First Navy ship gets Windows 10
The Royal Australian Navy’s large Bay-class landing ship, HMAS Choules, has become the first ship in the fleet to be upgraded to Windows 10.
The upgrade is a part of a trial, prior to the operating system being rolled out across the fleet over the next two years under Project Jackstay.
“I am impressed with Fleet Information Systems Support Organisation, Chief Information Officer Group and the Commanding Officer and crew of Choules in transferring over to the new system we have developed,” Commander Defence Strategic Communications Brigadier Murray Thompson told Navy News.
“This was an enormously complex task and indeed is a first, not just for the Navy, but the entire Department of Defence, in fielding a Windows 10 environment for our deployed elements,” Brigadier Thompson said.
Choules’s commanding officer, Commander Dave Graham, said the trial has resulted in improved coordination between the ship’s departments.

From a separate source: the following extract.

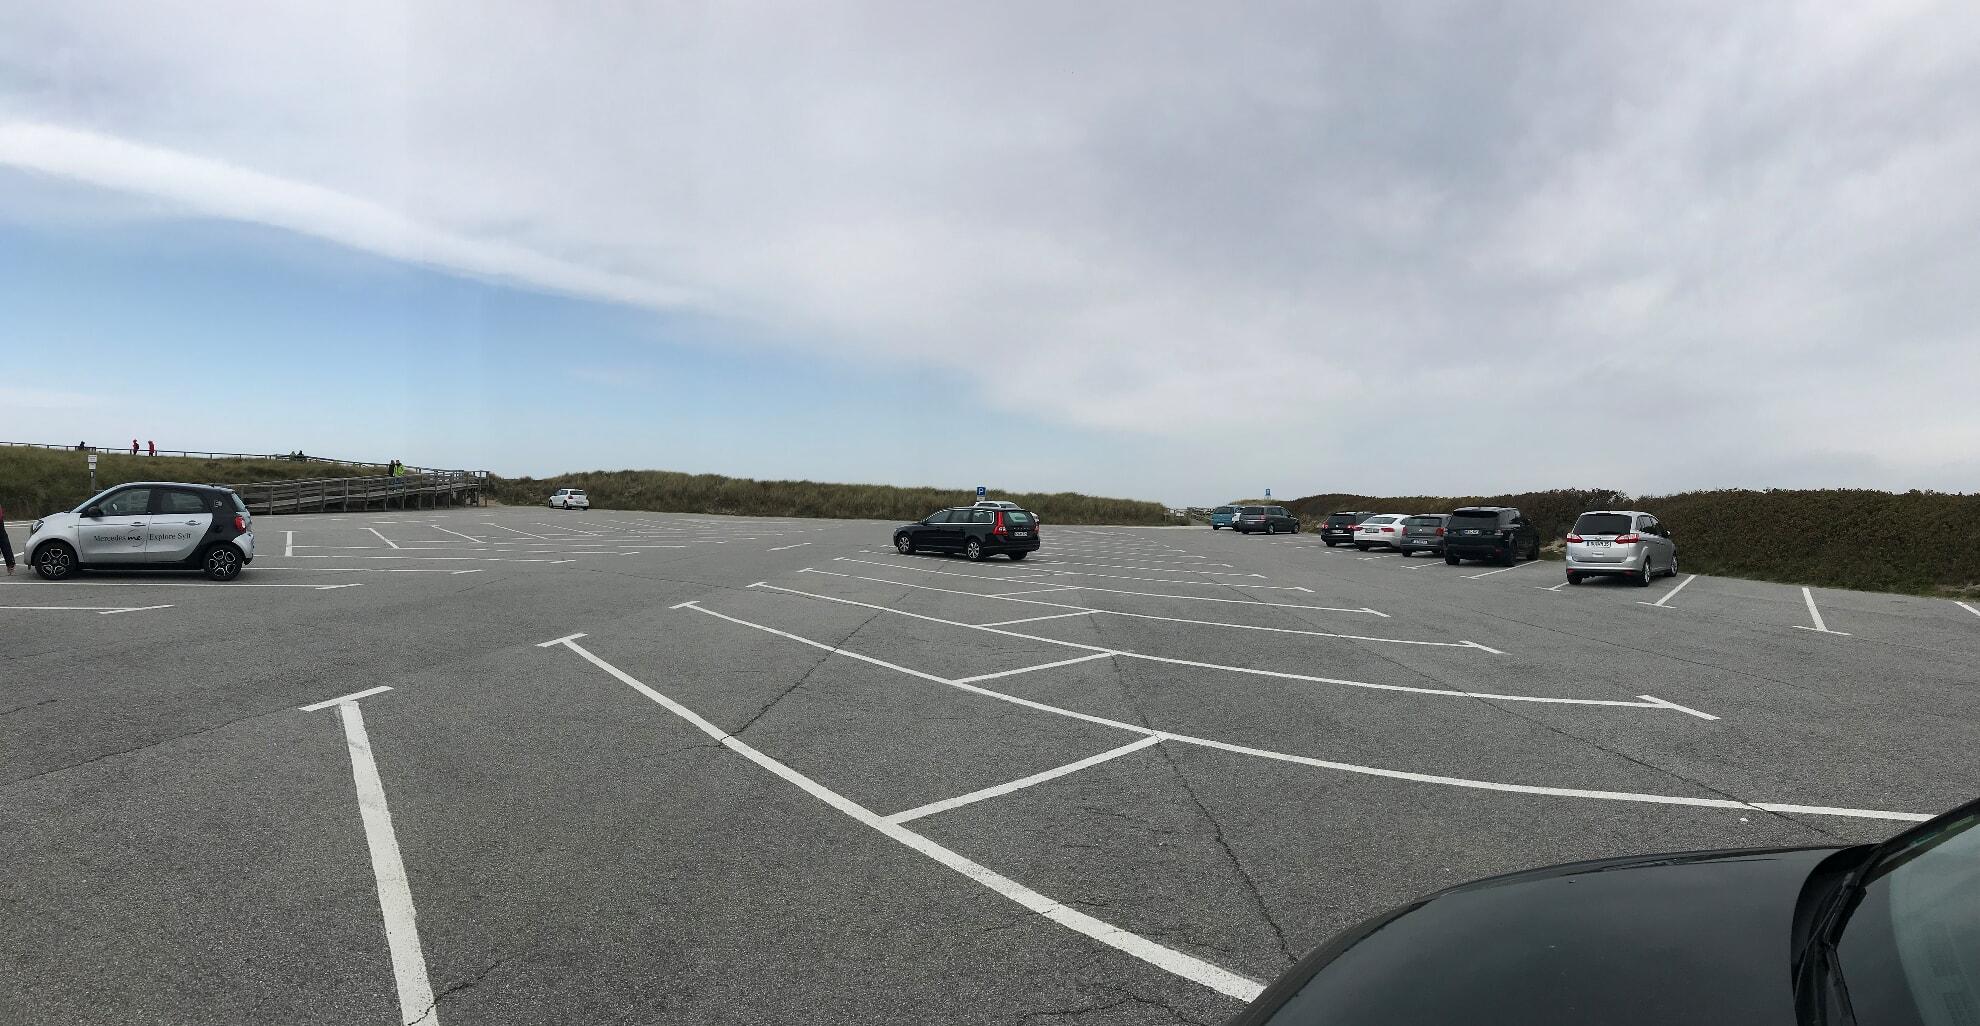 Parkplätze am Strandübergang Sturmhaube in Kampen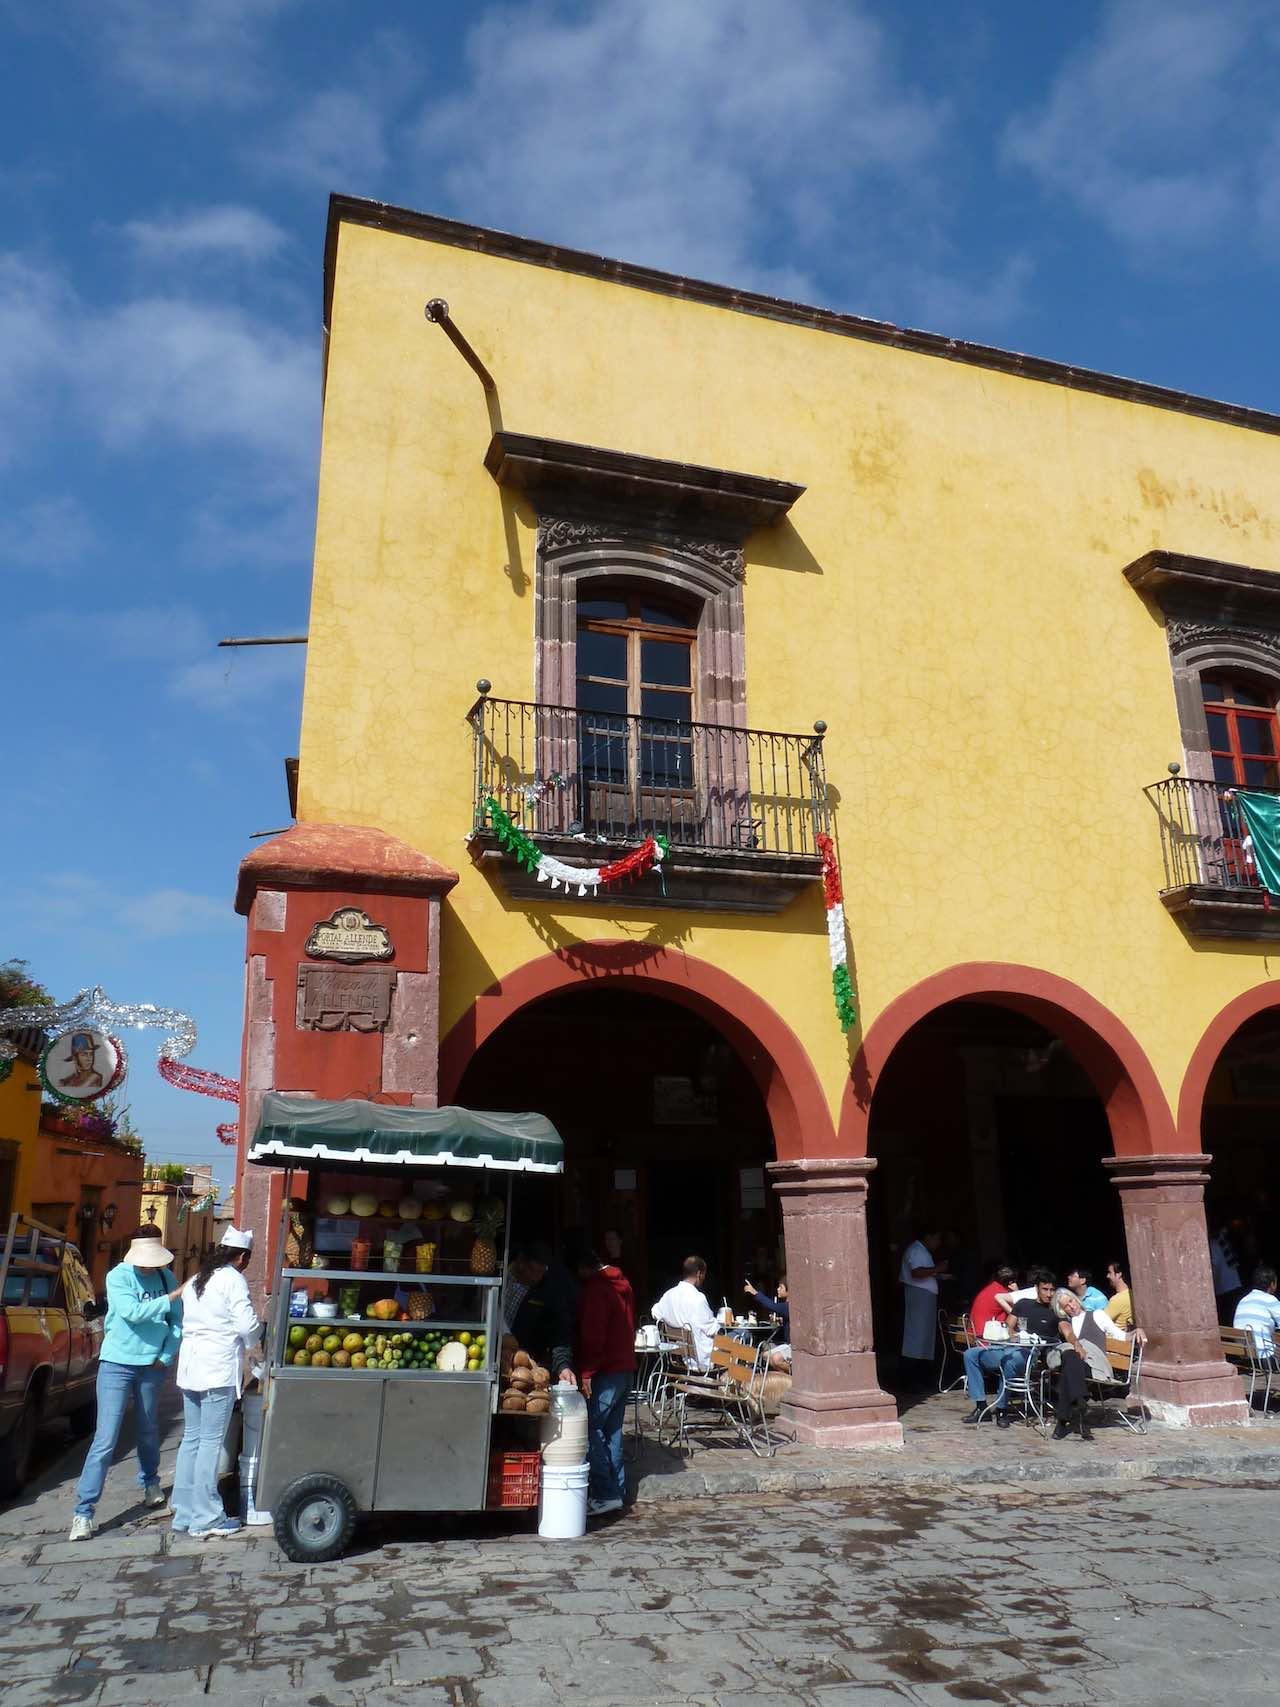 facade of a house in San Miguel de Allende

“Our Communication and Information Systems sailors are ‘doers’; they proactively want to learn more to use the systems better and help other crew members come up to speed,” he told Navy News.
“My chief Communications and Information Systems sailor has told me of the fixes and patches his team has developed themselves as part of the initial testing phase.”
Meanwhile, media reports surfaced again last week that Windows XP has been spotted being used aboard the UK Royal Navy’s newest warship, the aircraft carrier HMS Queen Elizabeth, which was launched last week.
It’s not unusual for military systems to sometimes use earlier-generation software systems, but usually they are kept well up to date. It’s entirely possible the XP screen seen aboard Queen Elizabeth is part of a test system, as the UK Ministry of Defence has previously stated that XP will not form part of operational systems once the vessel is commissioned next year.